For advertisers and their agencies, the new emphasis on real-time campaigns requires new skills. As Colin Mitchell, Ogilvy’s Worldwide Head of Planning put it recently, planning will be less important than ongoing campaign management. Mitchell names six “new” skills for ad pros, using words like “rapid response research” and “opportunistic media” to describe the demands and opportunities born by the popularity of real-time marketing.

Sound familiar? So where is PR in the real-time mix? PR professionals have been executing a version of real-time marketing since the business began. A story breaks, and the media relations team has four hours to take advantage of the news window with a client interview, quote, or blog post. The earned-media version may lack the polish and the broad viral potential of the social-media-fueled #royalbaby tweet or a milk-soaked Oreo, but the principle is the same.

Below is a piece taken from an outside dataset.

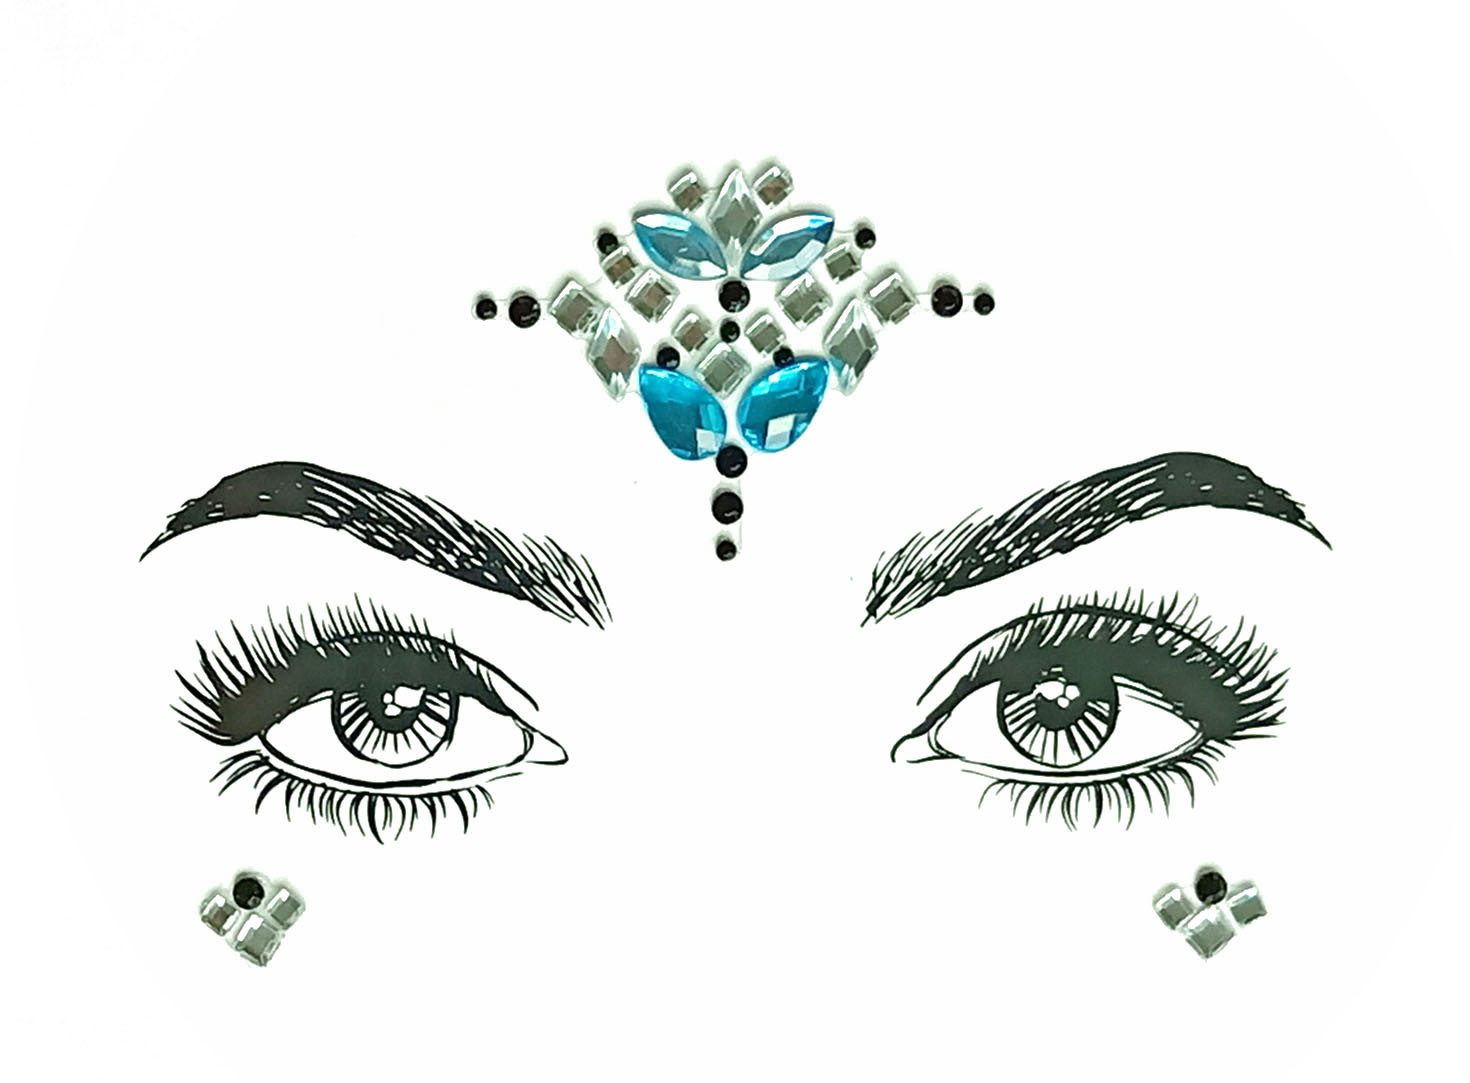 83a479c010 Christmas DIY Eyebrow Face Body Art Adhesive Crystal Glitter Jewels  Festival Party Eye Tattoo Stickers Makeup Xmas Decor Temporary Lip Tattoos  ...

In fact, PRs are well suited to pick up our share of real-time marketing. We’re accustomed to delivering content on the fly, we understand news opportunities, and we tend to be quite good at thinking creatively and acting spontaneously. We’ve all basically grown up around the news business, and social media has only heightened that sense of urgency.

Granted, true real-time marketing goes beyond mere newsjacking. An optimal response often requires a blend of paid and earned media, and it takes professional creative execution. Most importantly, the best real-time campaigns grow out of a brand’s story rather than being tacked onto a breaking news event. My favorite recent example is Virgin Holidays’ social campaign after same-sex marriage became law in the U.K. “Time for a honeymoon,” winks the ad, featuring the clinking of two lipsticked champagne flutes. It’s a perfect match with its intended audience, and the tone is classic Virgin, – sexy, subversive, and cheeky.

The Virgin ad was created by Saatchi. But it shouldn’t be long before we can enjoy the fruits of a PR-led team’s labor in the real-time marketing stage. Now, that will truly be a blessed event.